After quickly pondering the comments laid before me, I say this to those ignorant of me and shocked by words, that when typed, seemed rather subdued from initial thought.

First off, let it be known, I wish no quarrel with anyone, even our dear Captain, they were words of a light heart indeed, but in saying that, If my statement was to be treated as an insult, then why not the Captains? Because he has been in this forum longer? I presume, or maybe his words did not seem as such, when mine did, to the unknowing eye anyway. For new I am to this forum indeed, but already have I tarried over our beloved Captains posts here, as well as on Middle-Earth-RPG, works riddled with typos and misspellings, poor wording, off topic rabble, not to mention the greatest sin, a less than mediocre knowledge of Tolkien’s art. It troubles me though, to bring such up, but I felt I should explain myself, and so I have. For his words seemed very much ludicrous and in fact ridiculous when viewed, further beggaring my response, and I shall say nay to an apology, though I note none was asked. 

I will also go on to say, that I did not intend to attack Black Captain, with more than a humorous gesture of my own worth, much the same as a boy who gets his hand pricked on a thorn bidding him away from a treacherous wood. 

Also if I have not already exceeded my allotted time I would like to say a warm thank you to the renowned Eledhwen for the friendly tongue, as well as those who said my thoughts on Boromir to be fair.
But come! I wish to put this behind me, and hope my fellow Tolkien fans can do the same, for he knew not better, nor myself, let it linger for but a second and fade away like a foul smell on a beautiful sunlit day, and let us discuss what really matters, The Lord of the Rings.


----------



## HLGStrider

> I will also go on to say, that I did not intend to attack Black Captain



I think you just did. 

Looking over this impartially, as a C9'er and a forum Busy Body. . .

BC said


> *sniff*You sound so much like me when I first came....



Which is hardly an insult unless you happen to know that BC has an inferiority complex. . .which I've never seen him exhibit.

What followed was very much a compliment (saying you had a bright future).
To which you made a judgement on his intellect.

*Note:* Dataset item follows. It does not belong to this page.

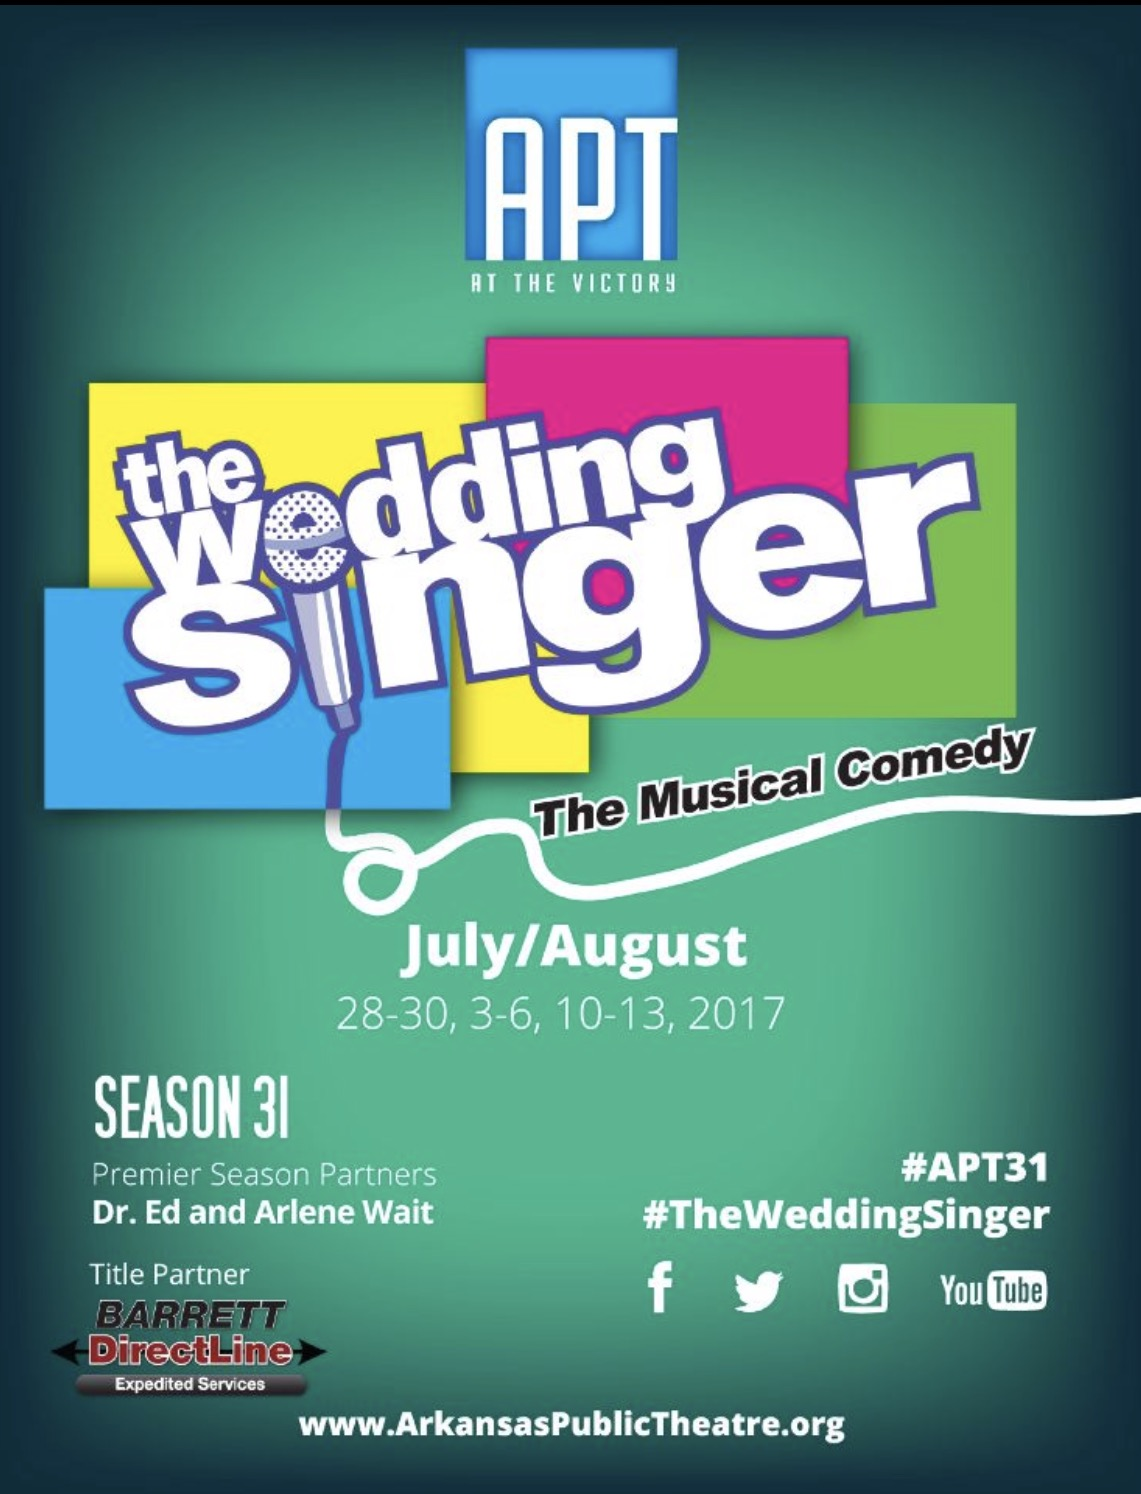 Season 31 | THE WEDDING SINGER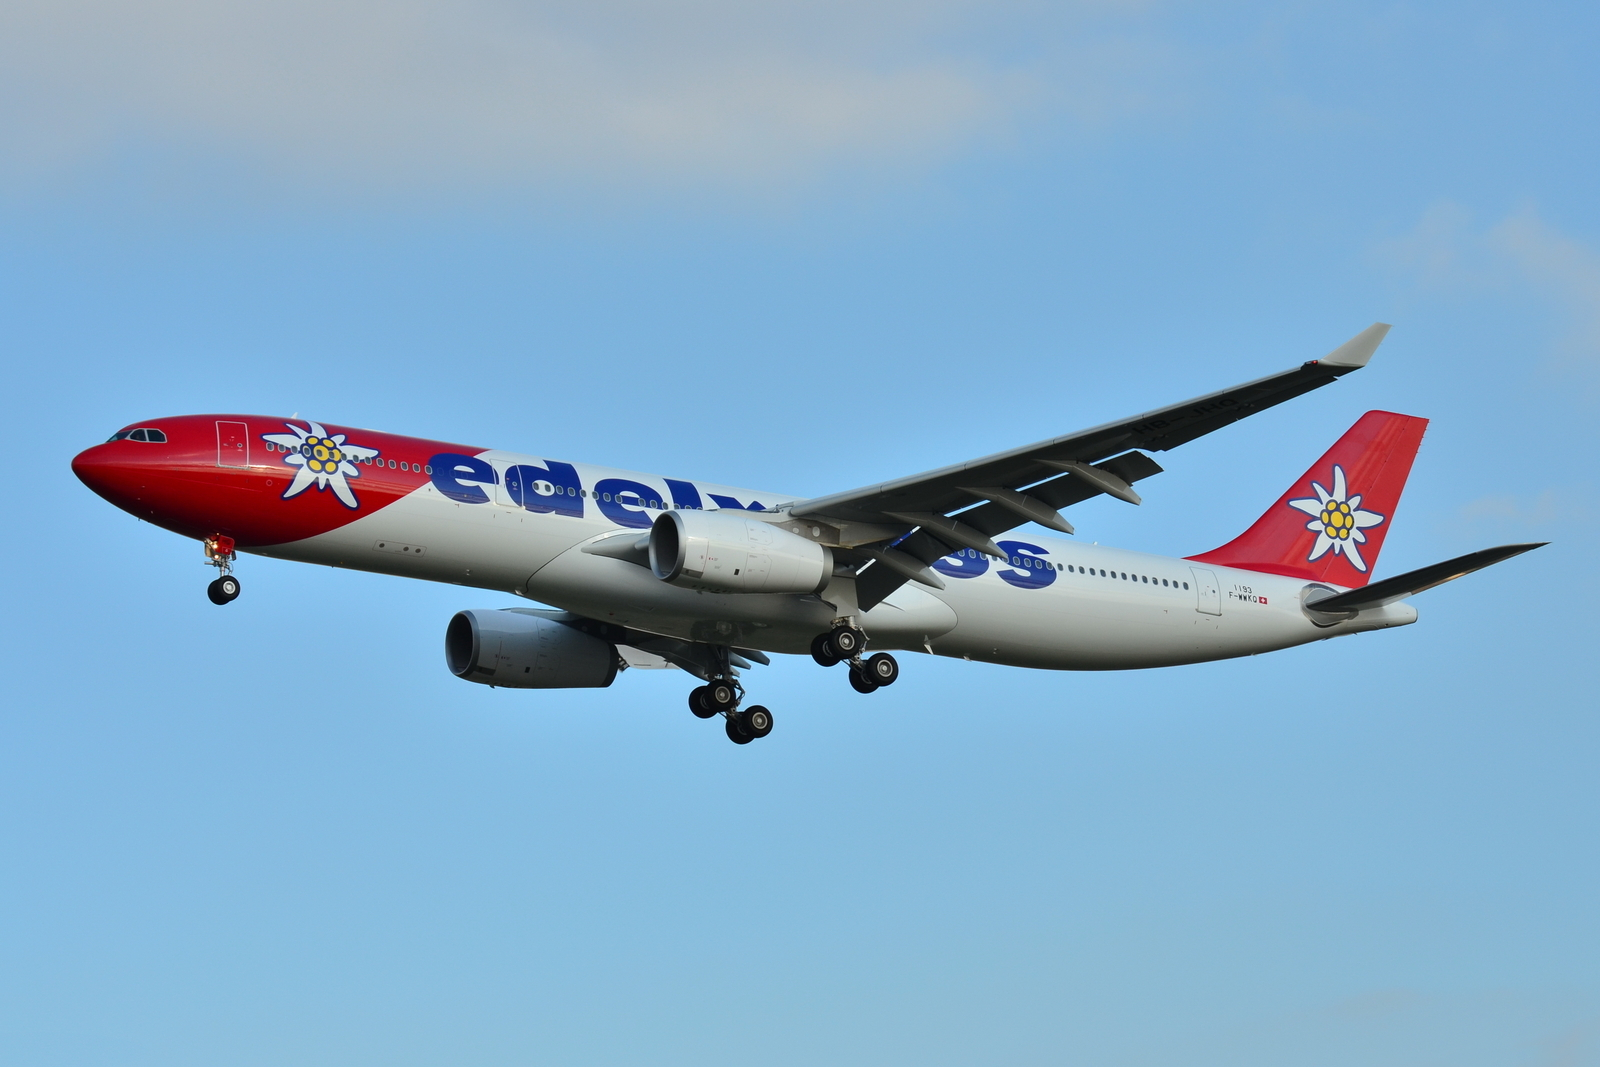 File:Airbus A330-300 Edelweiss Air (EDW) F-WWKQ - MSN

> Beleive me captain, I am nothing like you, for my mind far surpasses your own, but thanks for the welcome.


Which wasn't called for. 



> An insult to my intelligence, that I did not take lightly, but I was polite and thanked him for the welcome.



Comparing yourself to someone is not an insult. . .

To which Durinlongbeard replied somewhat stormily which might've been tempered, but you haven't seem to have brought him into this so we can leave him out of this.

Eld. ran some interference for you and gave you a chance to get out which you seem to have rejected.

I posted twice on the original subject.

And you posted your tirade.

BC said nothing he needs to apologize for. Not even the pickiest mod would punish him.


----------



## Beyond Wisdom

Enough of this, such an uproar over a witty response, I can not explain myself further than I already did in my above post, you continue with statements that I have already commented on in full HLGstrider.


----------



## Elka

I think that Galadriel foresaw the desire that Boromir had for the ring. In my opinion he was already hungry for it from the time he first saw it. It was just a matter of time.


----------



## Lúthien Séregon

My thoughts on the matter are fairly similar to BeyondWisdom's...even though he desired the ring to help his people, the weight of this desire was too much for him to overcome, and he was bound by this, even though the initial will was for good.


----------